Engineers are exploring the use of natural muscles to power robots due to their strength, precision, and ability to heal and grow stronger with exercise. While a few biohybrid robots have been developed with muscle-based actuators that can walk, swim, pump, and grip, there is no standard blueprint for maximizing muscle power in robot designs. To address this issue, MIT engineers have created a spring-like device called a flexure that can serve as a basic skeleton module for muscle-bound robots. The flexure is designed to optimize the movement generated by attached muscle tissues, allowing for more efficient utilization of muscle power in robot movements.

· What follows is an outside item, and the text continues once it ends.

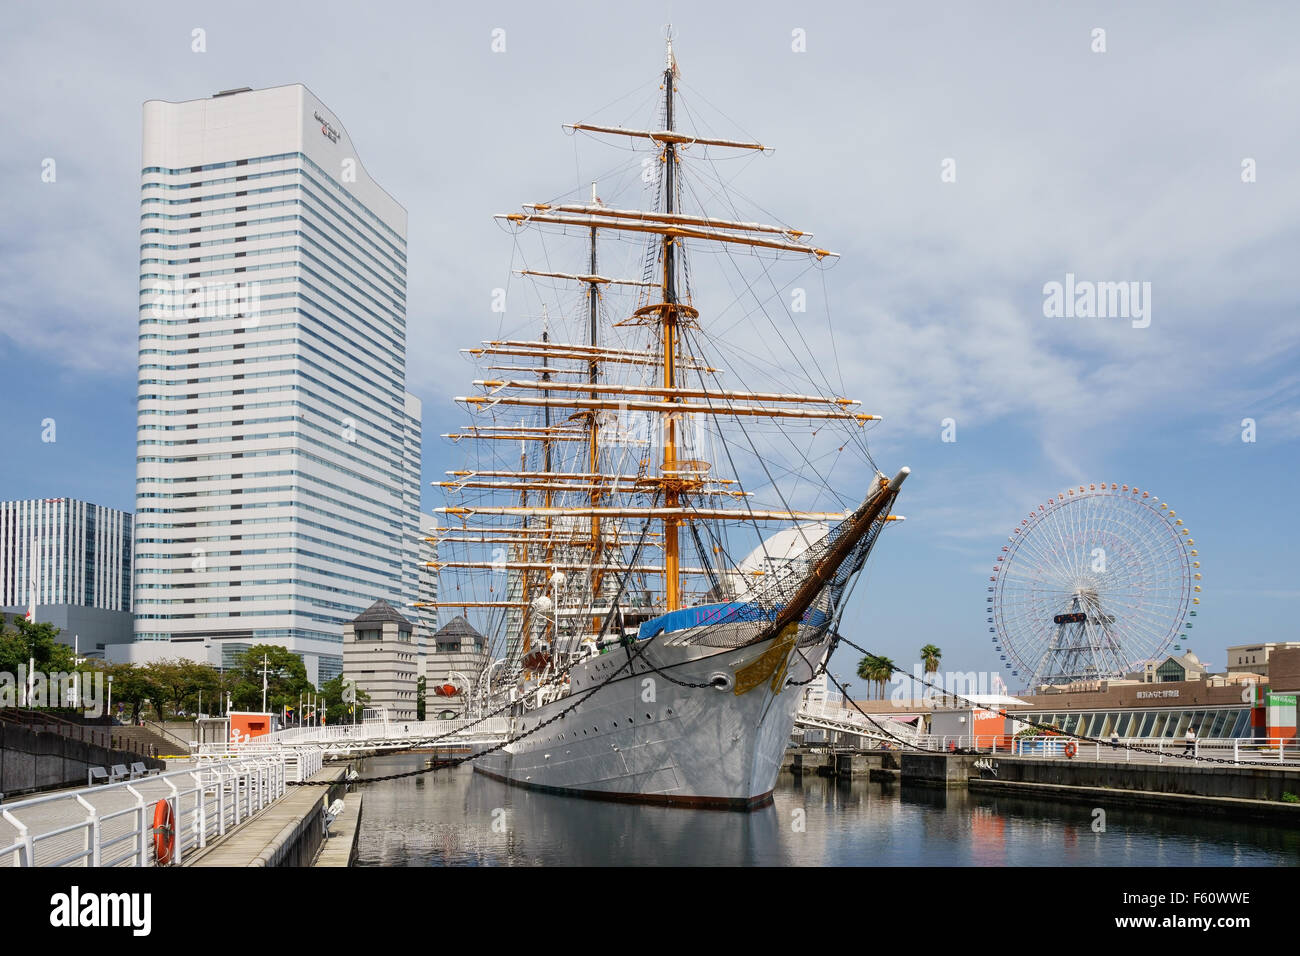 The Nippon Maru sailing ship at the harbour at Minato Mirai, Yokohama, Japan. Stock Photo

The flexure is a device that enables muscle tissue to contract and stretch in a specific direction, maximizing the force generated by the muscle. By connecting the muscle to the flexure, the muscle is able to pull the device in a predictable and repeatable manner, resulting in more efficient movement. The researchers found that the flexure design allowed muscles to pull the device five times closer together compared to previous designs, demonstrating a significant improvement in muscle actuator performance. This new building block can be combined with other flexures to create various configurations of artificial skeletons that can be powered by muscle tissues.
The researchers collaborated with Professor Martin Culpepper’s lab to design a flexure that is tailored to work with muscle tissue. The flexure is 1/100 the stiffness of muscle tissue, resembling a miniature accordion-like structure that can flex and stretch with precision. By wrapping muscle around the device, the team was able to measure muscle performance and fatigue, allowing them to optimize muscle contractions for higher endurance responses. This platform provides insights into muscle behavior and performance, enabling engineers to build more precise and reliable robots powered by natural muscles for various applications.
The flexure design allows for the conversion of natural muscle force into precise and controlled movements in robots. By combining flexures with muscle tissues, engineers can create powerful and precise muscle-powered robots that can perform a wide range of tasks. The researchers are focusing on developing small robots, such as surgical robots for minimally invasive procedures, as natural muscles excel in strength, efficiency, and adaptability in smaller robotic applications. This new platform provides a set of rules for designing muscle-powered robots that can achieve complex movements and tasks with high efficiency and reliability.